# RateGuard — AI-Native Rate Limiting SDK
> Go, Node.js, Python middleware. Outbound LLM spend tracking (wrap your SDK's HTTP client), pre-flight rate limit queries for AI agents (MCP), token budgets, GenAI OTel, circuit breakers, provider fallback, loop detection, guardrails. No proxy needed.

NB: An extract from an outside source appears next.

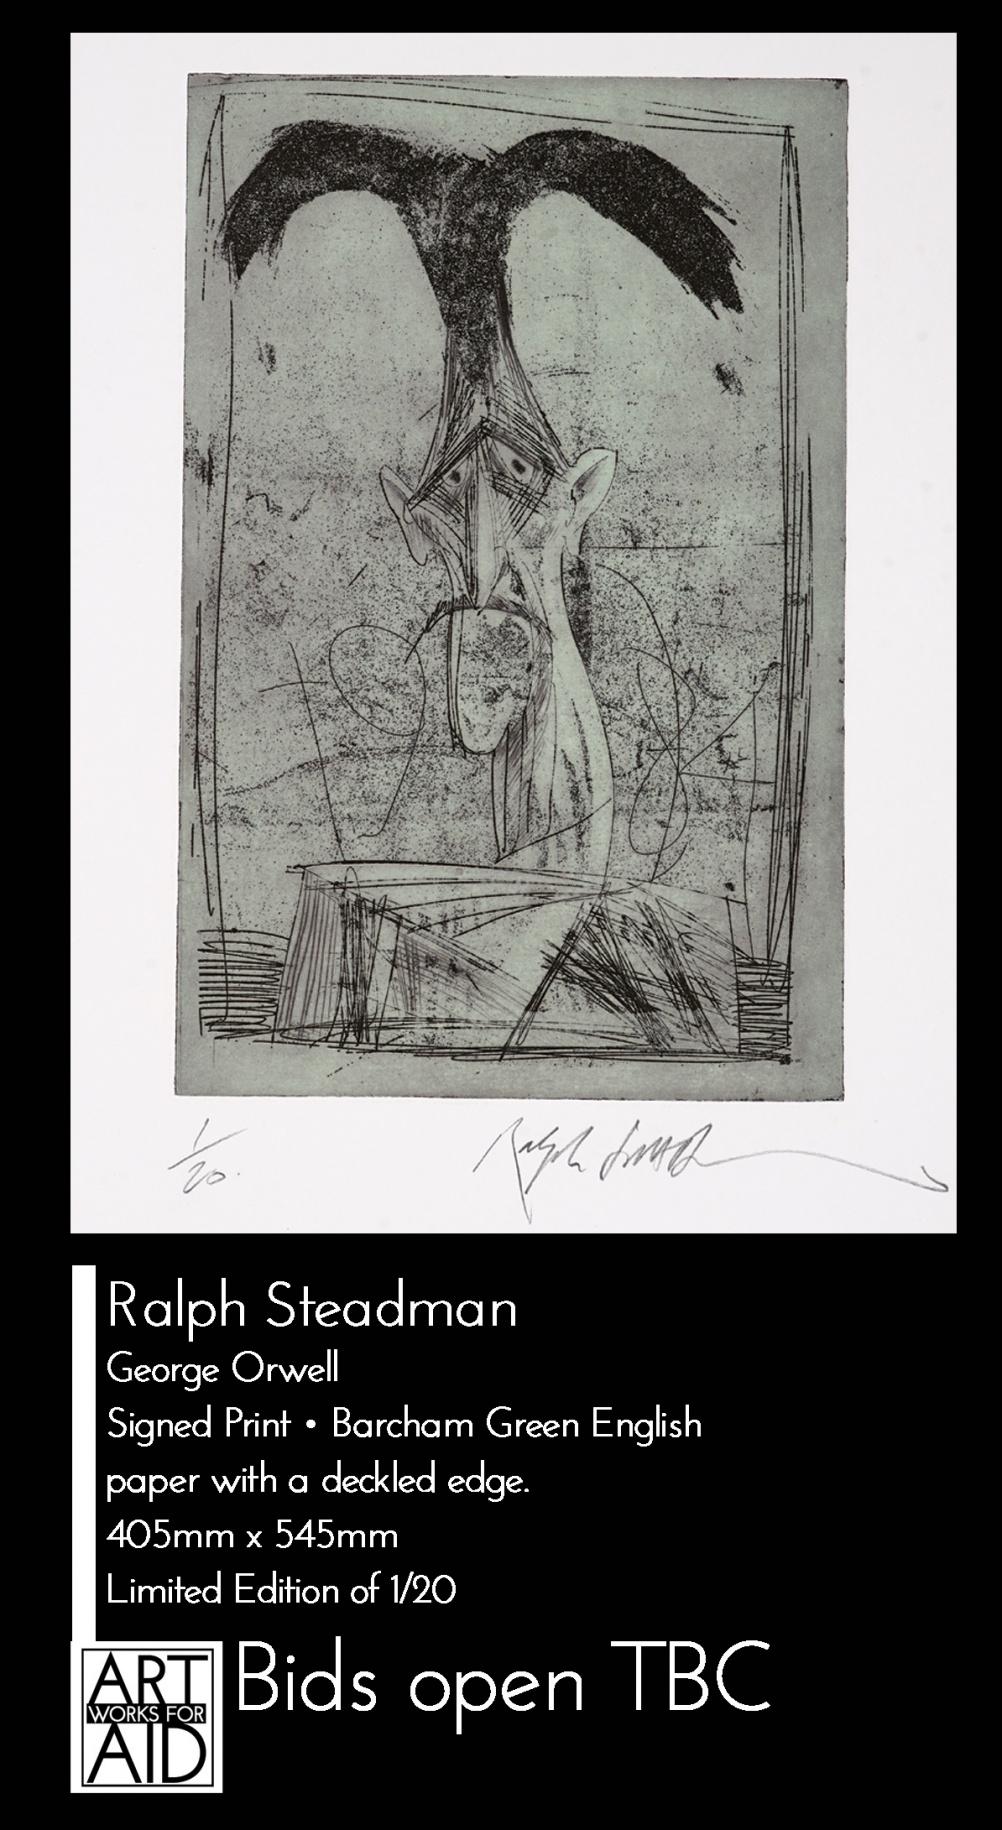 © Ralph Steadman - George Orwell
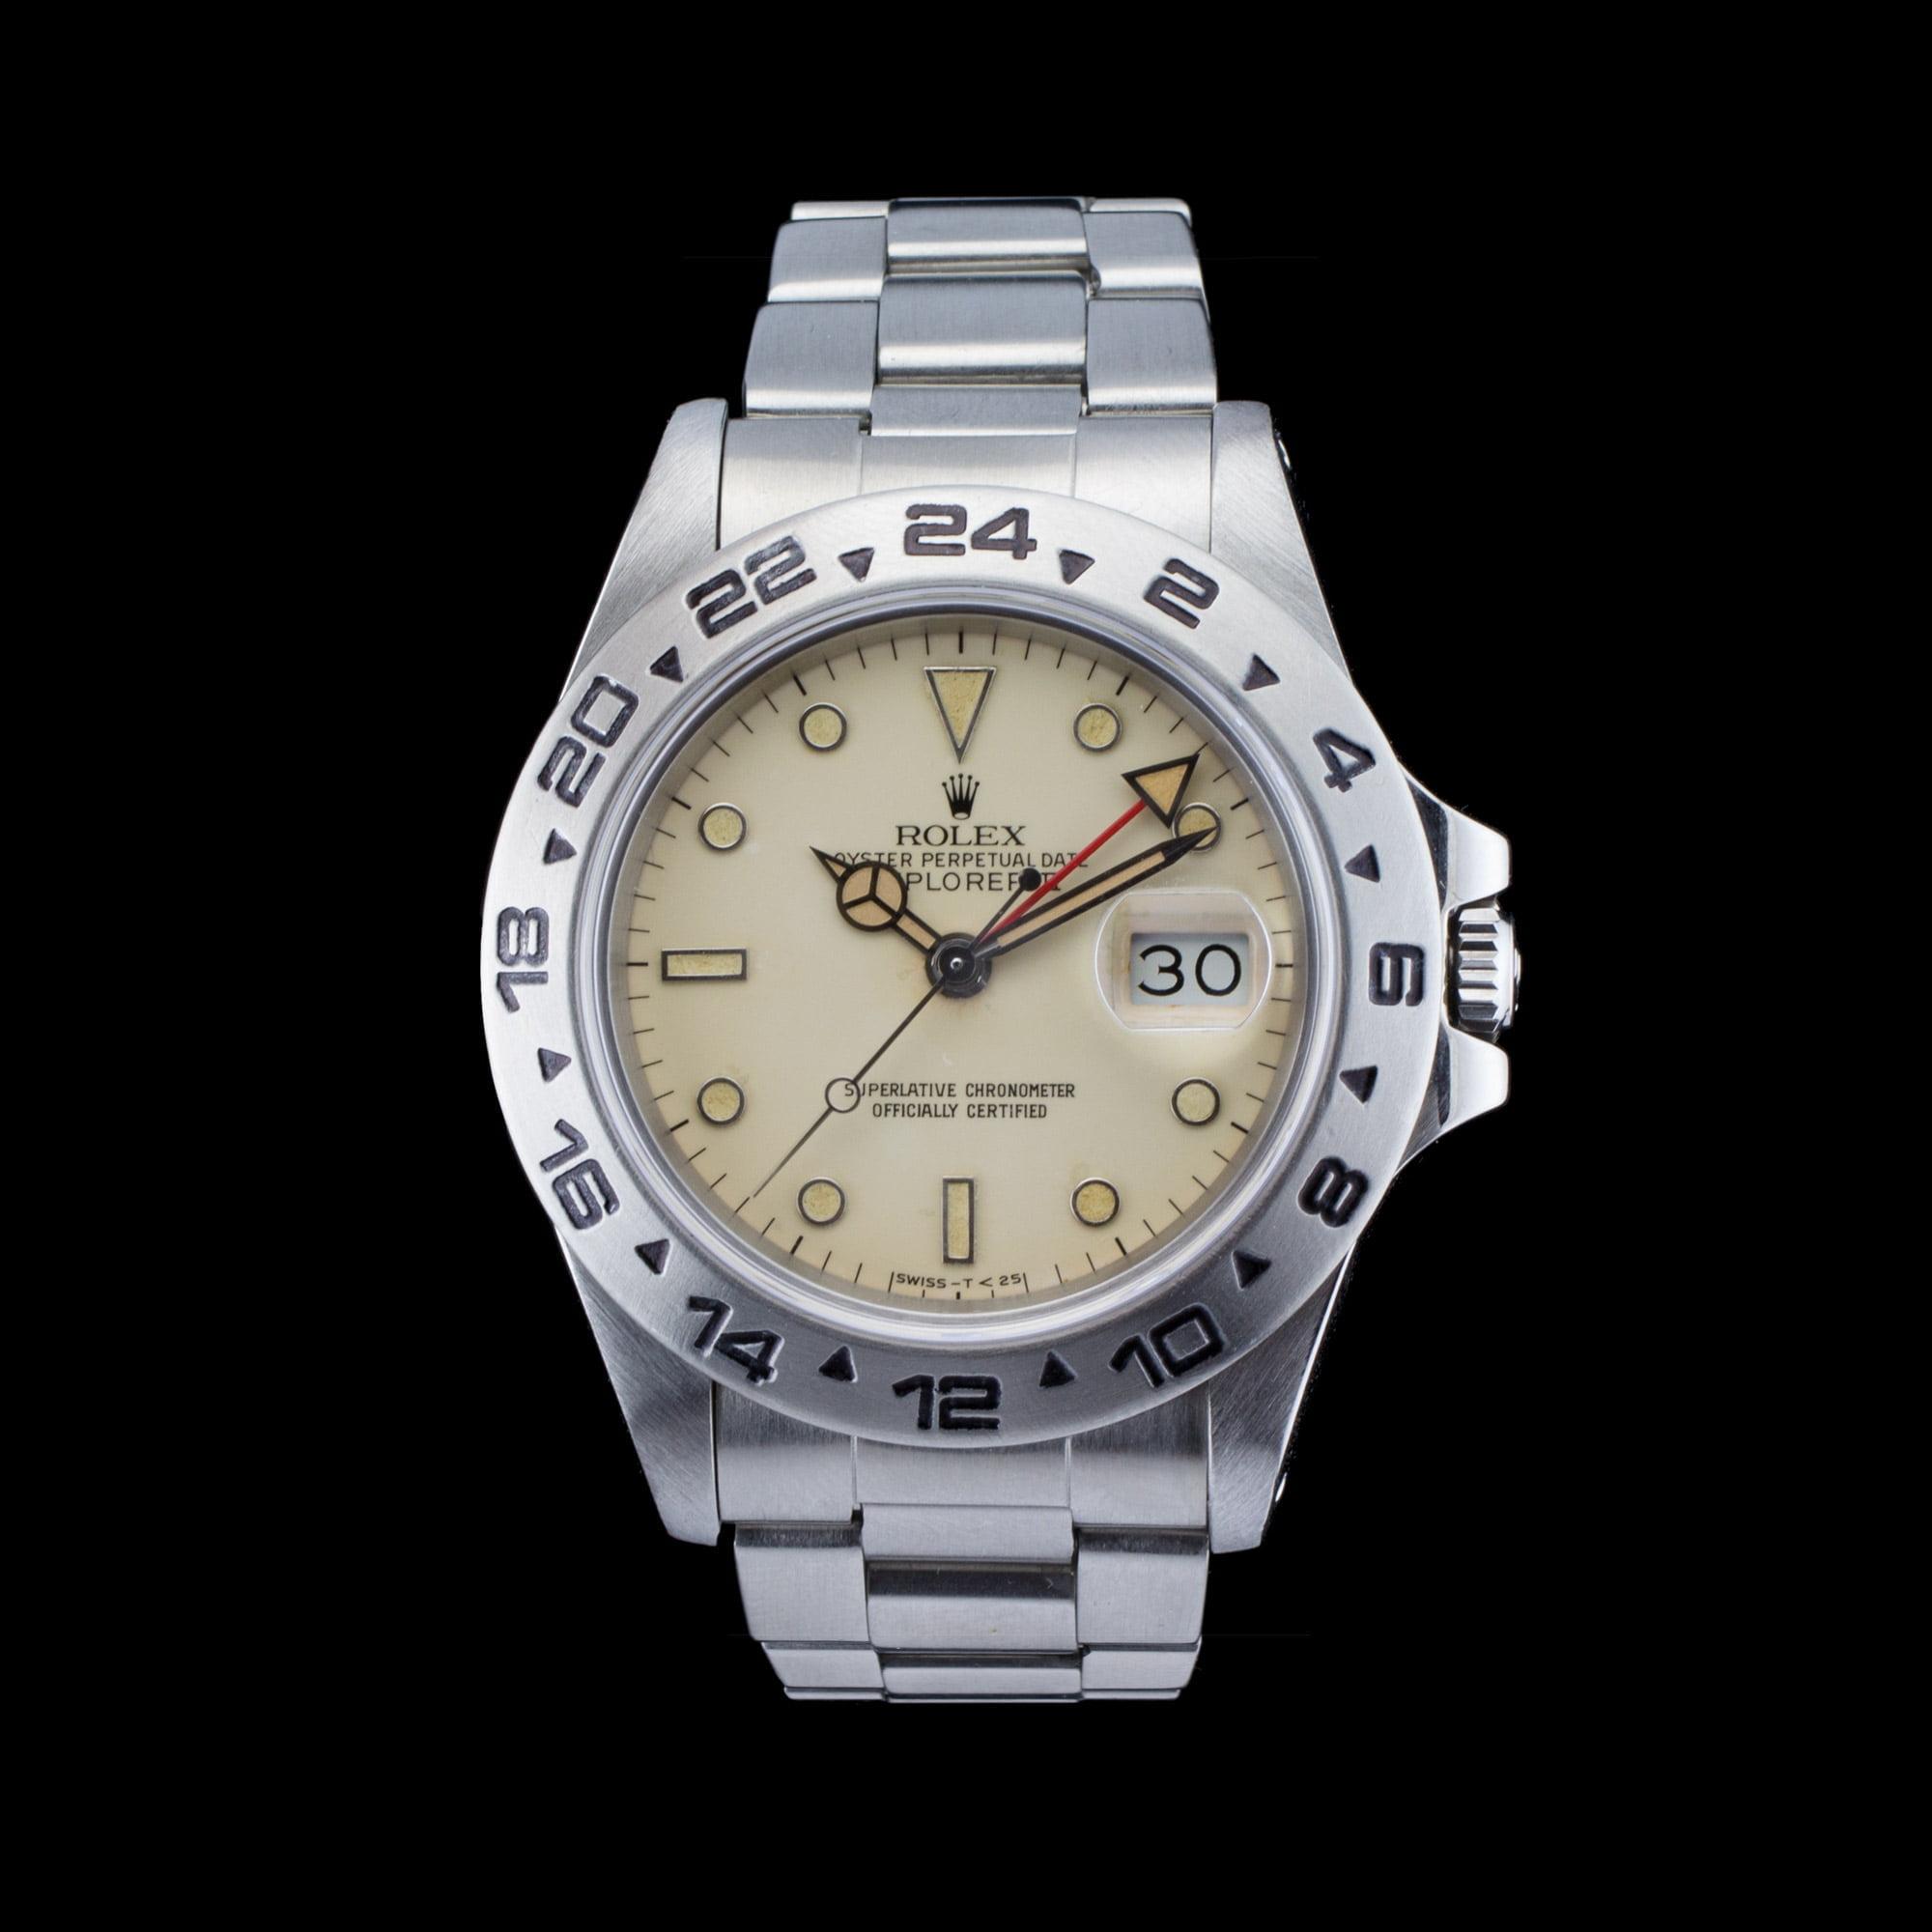 Rolex explorer ii 39 cream rail dial 39 2 amsterdam vintage watches for Rolex explorer

## Outbound spend tracking (the headline)
Wrap the HTTP client your LLM SDK already uses — real token usage (JSON + SSE streaming) metered into budgets, per-provider circuit breakers, OpenAI-compatible fallback:
- Go: `client := rg.WrapClient(&http.Client{})` → `openai.NewClient(option.WithHTTPClient(client))`
- Node: `new OpenAI({ fetch: rg.wrapFetch() })`
- Python: `OpenAI(http_client=rg.wrap_httpx_client())` (httpx lazy import, zero runtime deps kept)
Detects 16 OpenAI-compatible hosts + Anthropic, Gemini, Vertex, Azure OpenAI, AWS Bedrock, self-hosted vLLM/llama.cpp. Enforce mode synthesizes provider-native 429/503 (SDK retry logic just works); observe mode only meters.

## Quick Start

### Go
```go
import rateguard "github.com/varbees/rateguard/packages/sdk-go"
rg := rateguard.New(rateguard.Config{Preset: "streaming-llm"})
http.Handle("/metrics", rg.Metrics())
// Expose limits to MCP clients (Claude Code, Cursor, custom agents):
_ = rg.ServeMCP(ctx, os.Stdin, os.Stdout)
```

### Node.js
```ts
import { RateGuard } from '@varbees/rateguard-node';
const rg = new RateGuard({ preset: 'streaming-llm' });
const tools = rg.mcpTools(); // 5 MCP tools, peek semantics
```

### Python
```python
from rateguard import RateGuard
rg = RateGuard(preset="streaming-llm")
tools = rg.mcp_tools()  # 5 MCP tools, peek semantics
```

## Architecture
RateGuard is MIDDLEWARE (runs inside your app), not a proxy or gateway. Three SDKs, identical behavior across Go/Node/Python.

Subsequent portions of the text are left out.